Howley’s CRD report also lists examples of personal financial irresponsibiity and financial distress, including a 2007 Bankruptcy and two San Bernardino County tax liens in 2008.
Investors Have the Right to Recover Their Losses
When investments are sold by brokerage firms licensed by FINRA, they are subject to the laws that FINRA enforces. The brokerage firms are responsible for ensuring that their brokers are trading fairly, ethically and in the best interest of their clients. Ideally, they would accomplish this through careful supervision. Unfortunately, too often this supervision has been inadequate to fully protect investors. If you purchased any investments through a representative of a registered brokerage firm and suffered loses through negligence or fraud, it immediately puts the brokerage firm at fault for failing to supervise their broker. FINRA law then dictates that you can hold the firm legally liable to recover your damages.

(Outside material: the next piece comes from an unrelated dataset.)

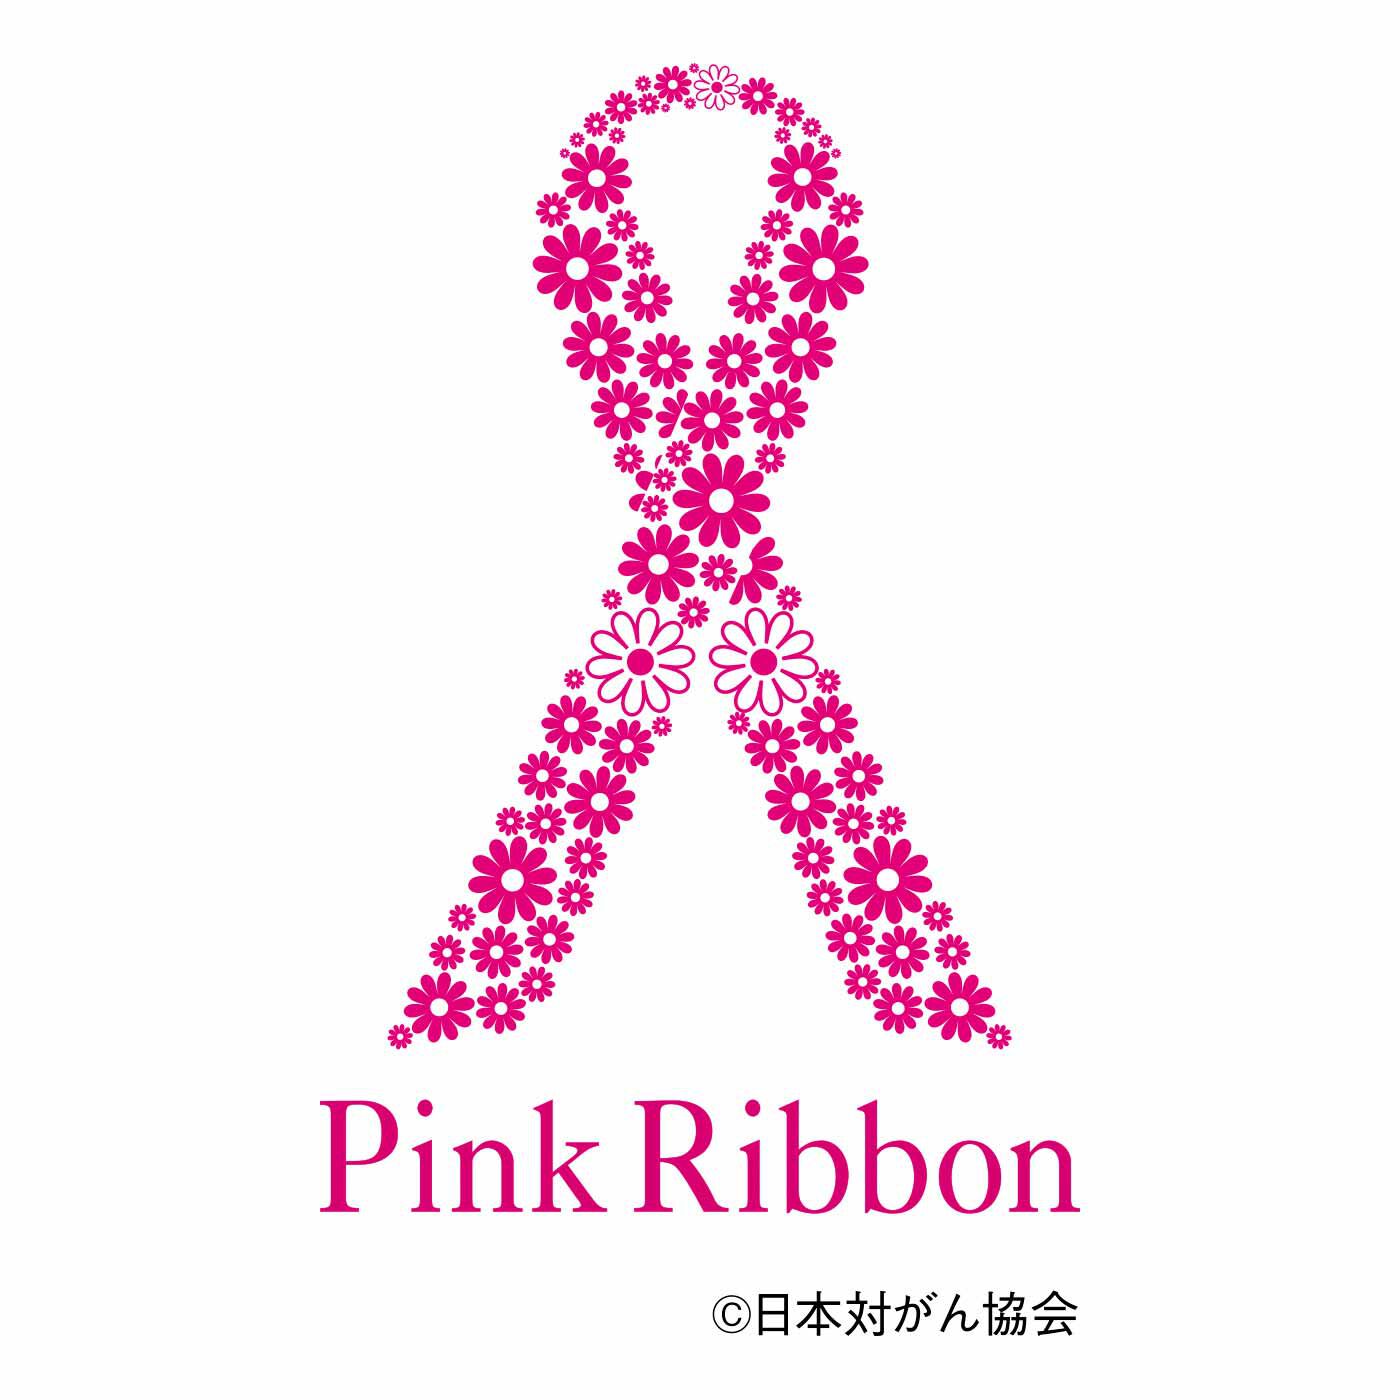 flufeel|ピンクリボン×すべての女性へ 前向きな気持ちを応援する フロントオープンブラの会|ピンクリボン基金付き。購入すると日本対がん協会の乳がんをなくす「ほほえみ基金」に寄付され、乳がんの早期発見のために定期的な検診受診をすすめる、ピンクリボンの活動を応援することができます。

Can I recover my investment losses?
If you lost a substantial portion of your retirement savings or other assets as a result of investments purchased through Matt Howley, Merrill Lynch or Morgan Stanley, please contact us immediately. Our investment fraud lawyers have recovered millions of dollars from the largest banks, insurance companies and brokerage firms in the world on behalf of investment fraud victims. You may have certain legal rights that require your immediate attention. Time is of the essence in these claims. The sooner you act, the greater your chances of recovering your investment losses. Don't wait. Contact us TODAY for a FREE Consultation and case evaluation. We will tell you if you have a viable claim worth pursuing.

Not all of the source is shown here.